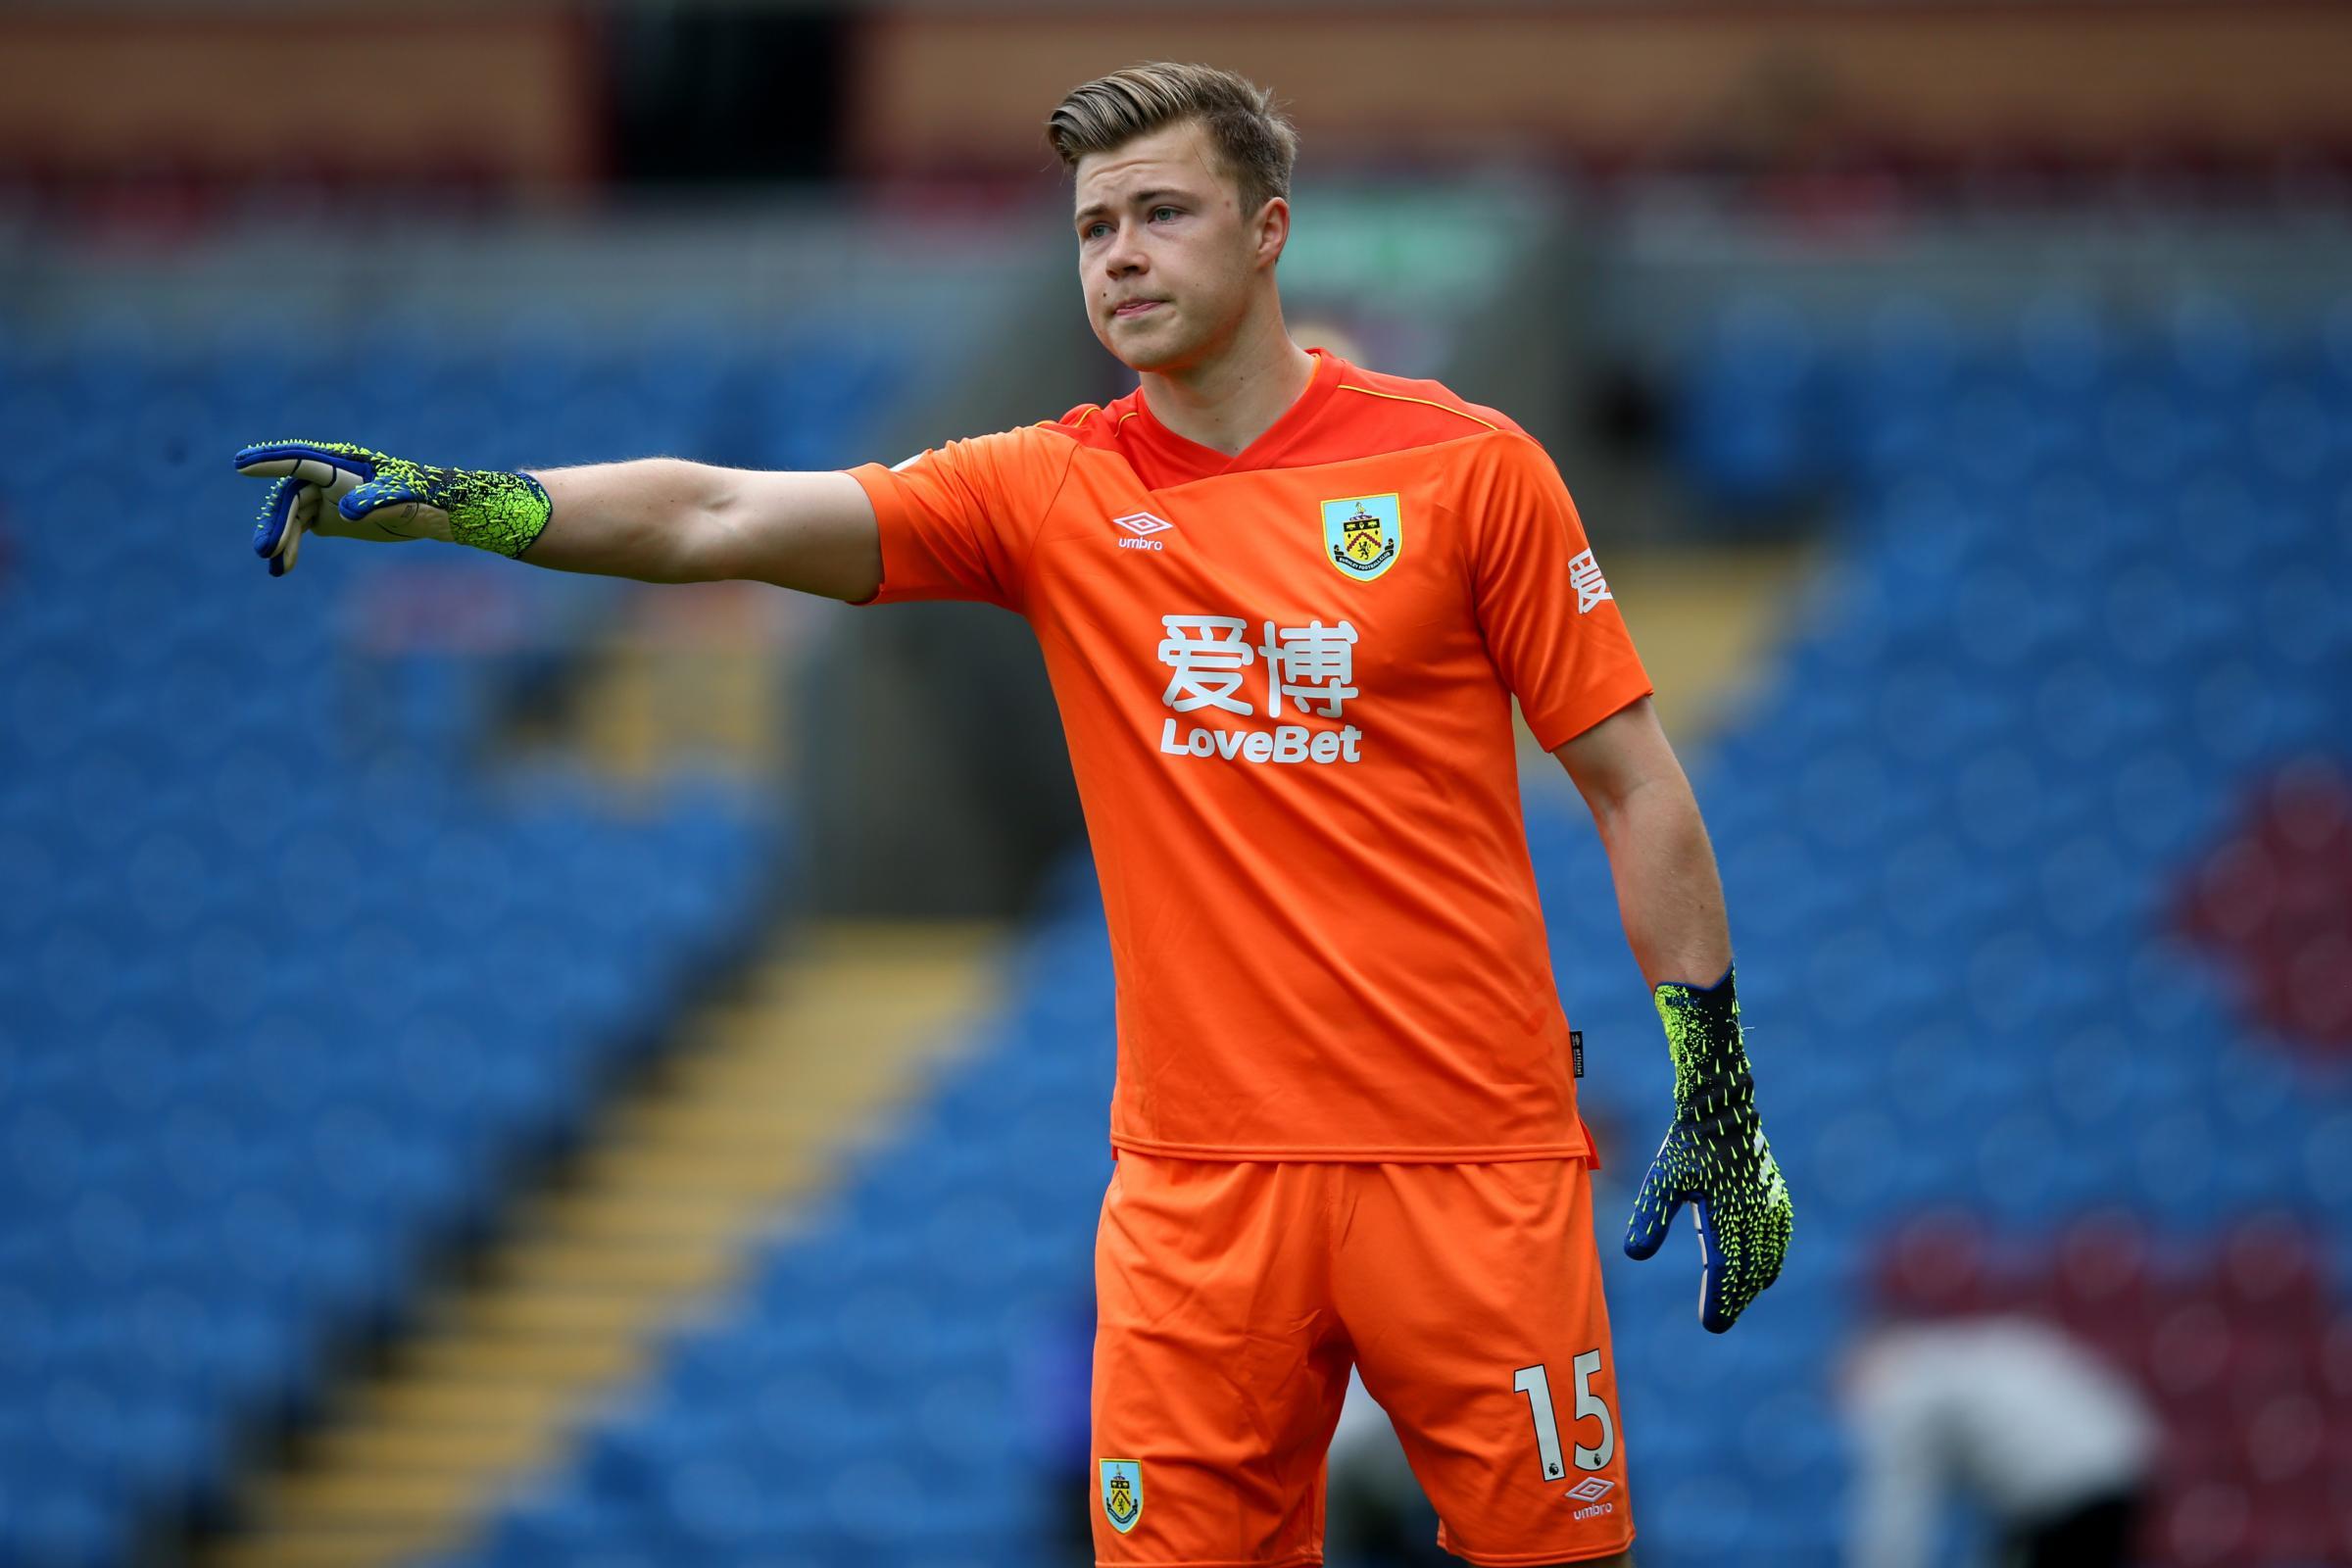 Burnley goalkeeper signs season-long deal at Sheffield Wednesday
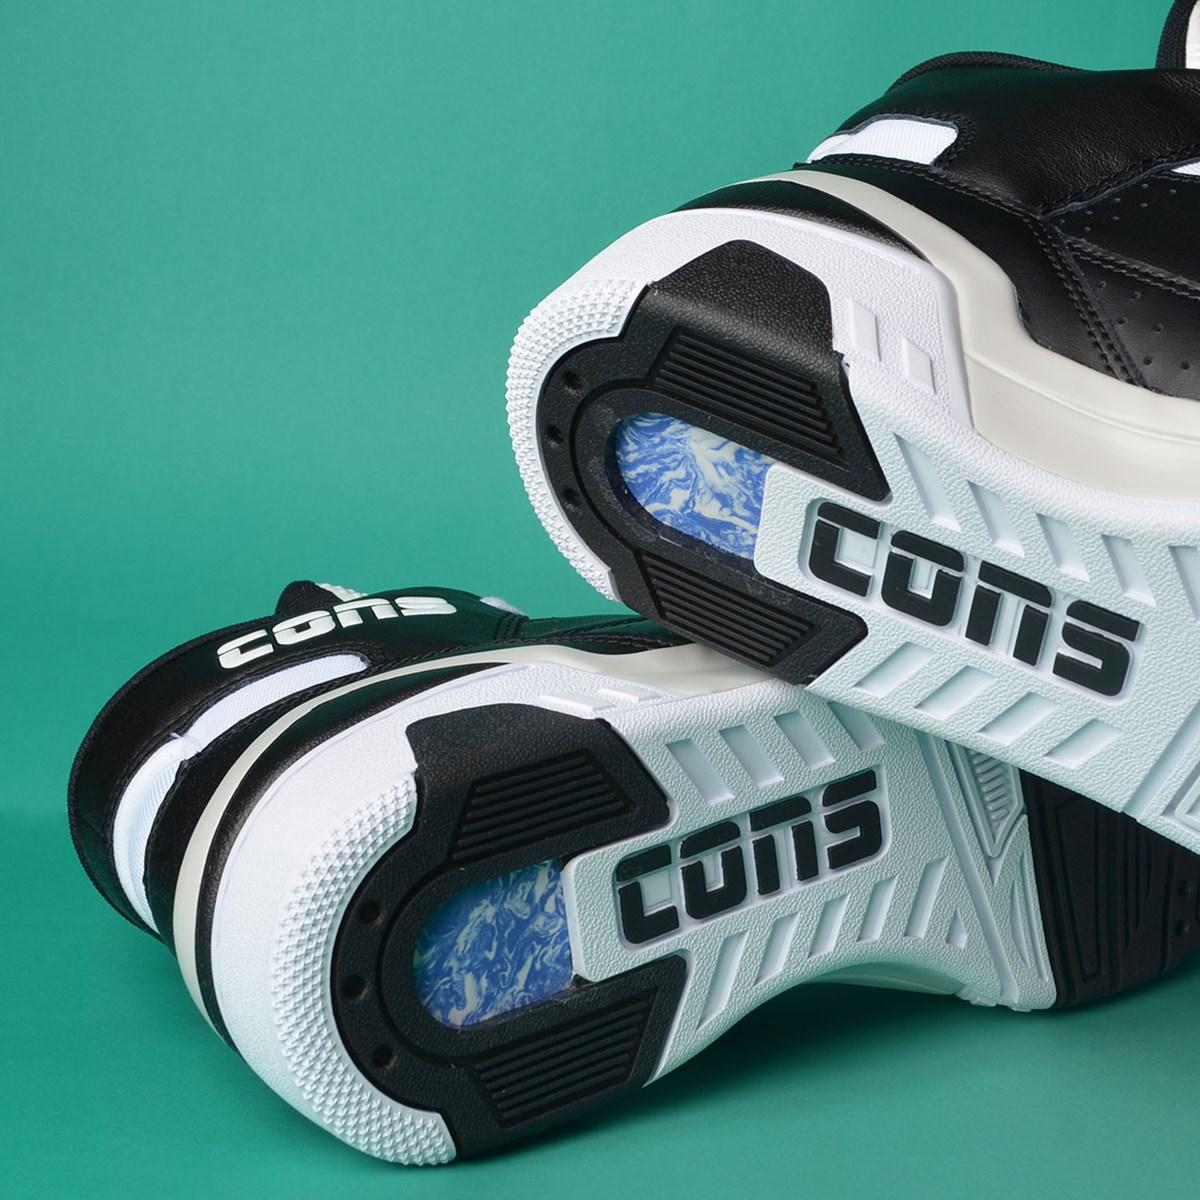 Tênis Converse ERX 260 Mid Black Mouse White 166325C
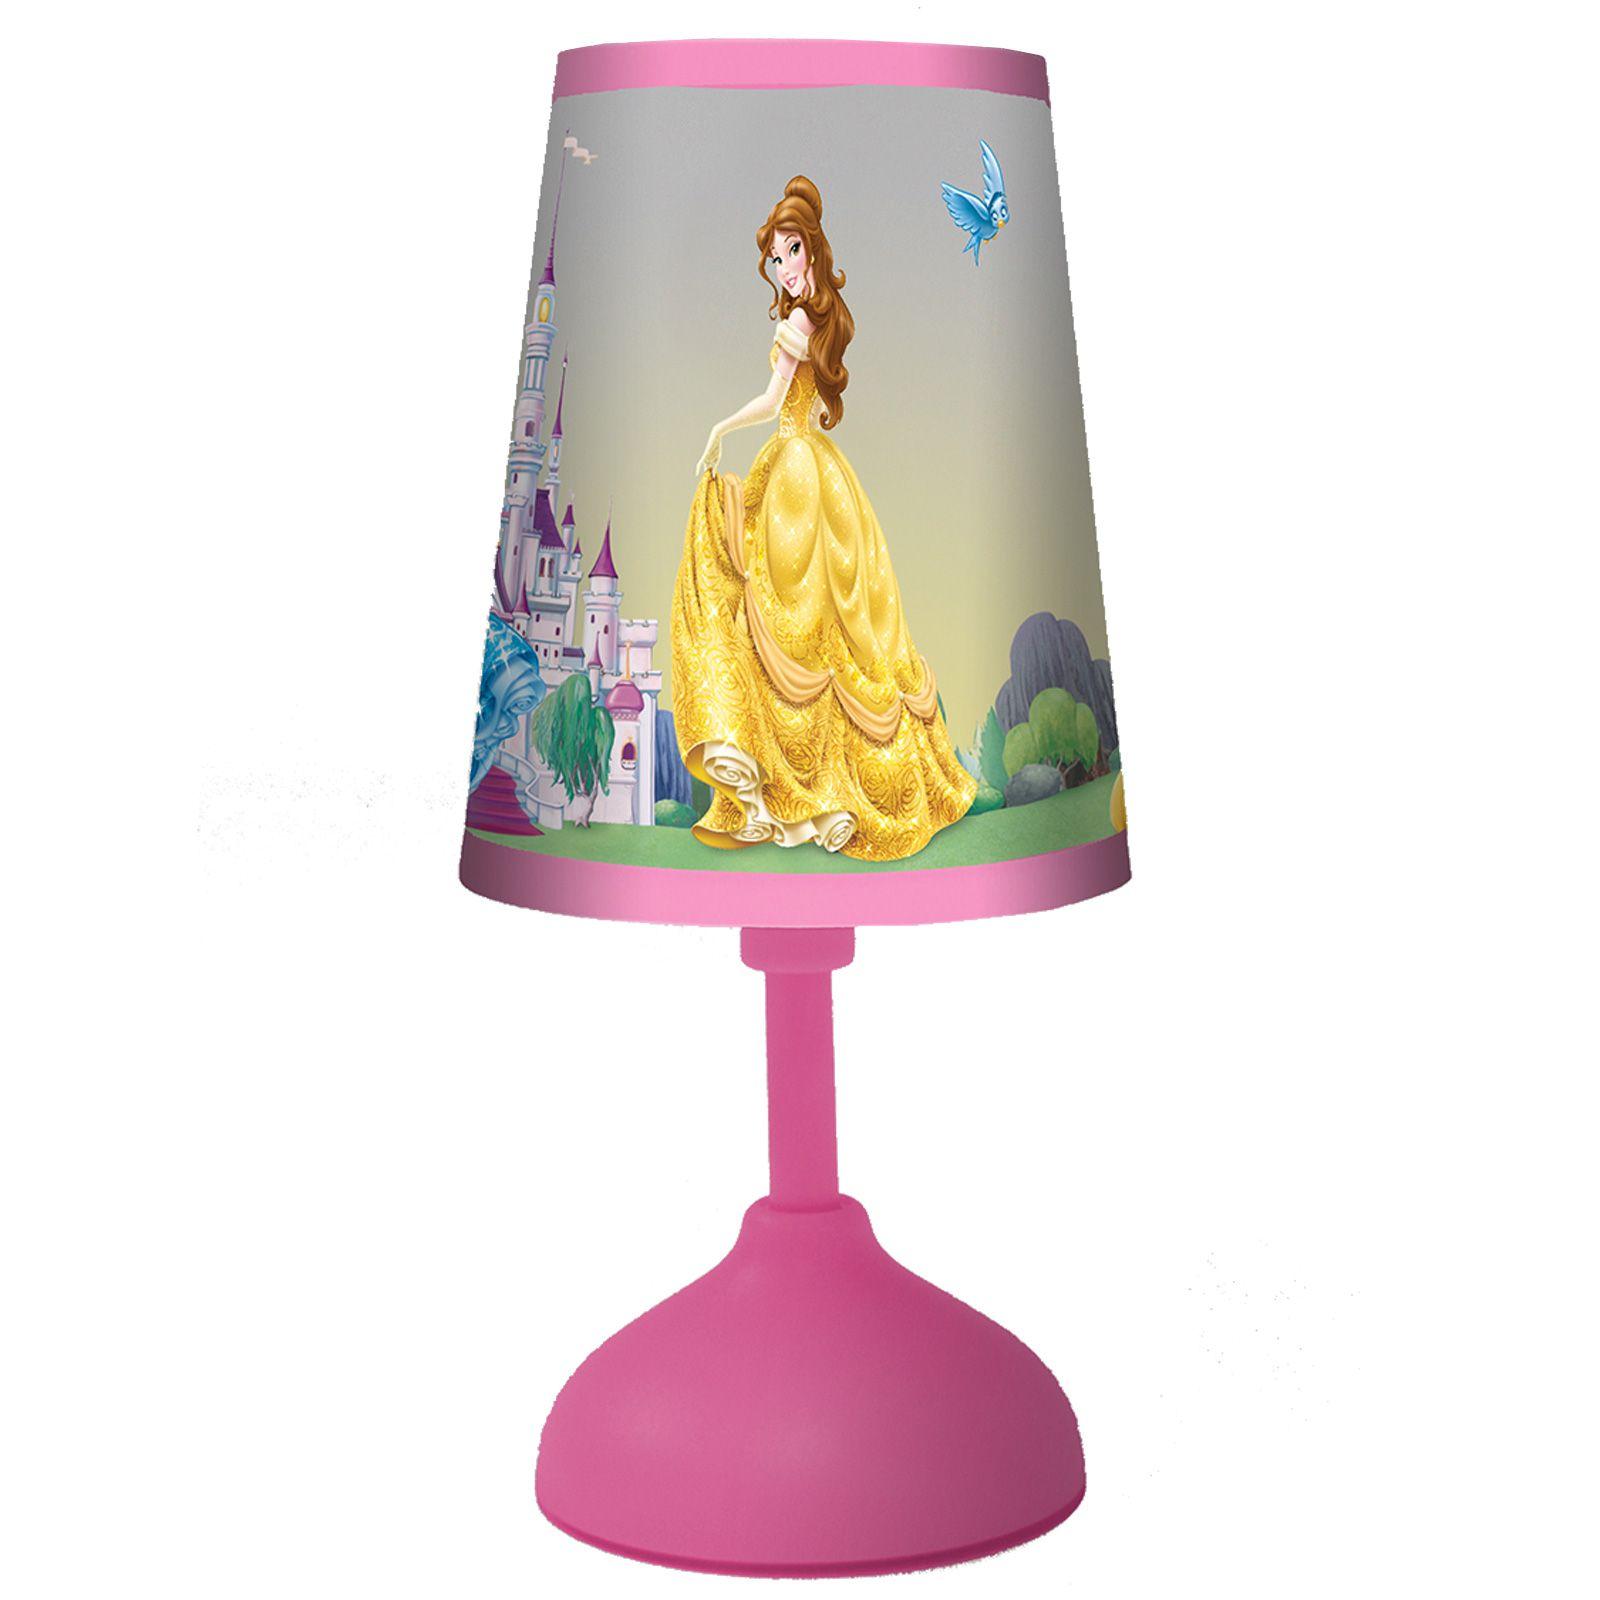 DISNEY PRINCESS MINI TABLE LAMP LIGHT NEW 100% OFFICIAL
*****
*Exercise details*
Omitting all pictures, give the preceding listing again exactly.

*Written response*
 Burnley goalkeeper signs season-long deal at Sheffield Wednesday
 Tênis Converse ERX 260 Mid Black Mouse White 166325C
 DISNEY PRINCESS MINI TABLE LAMP LIGHT NEW 100% OFFICIAL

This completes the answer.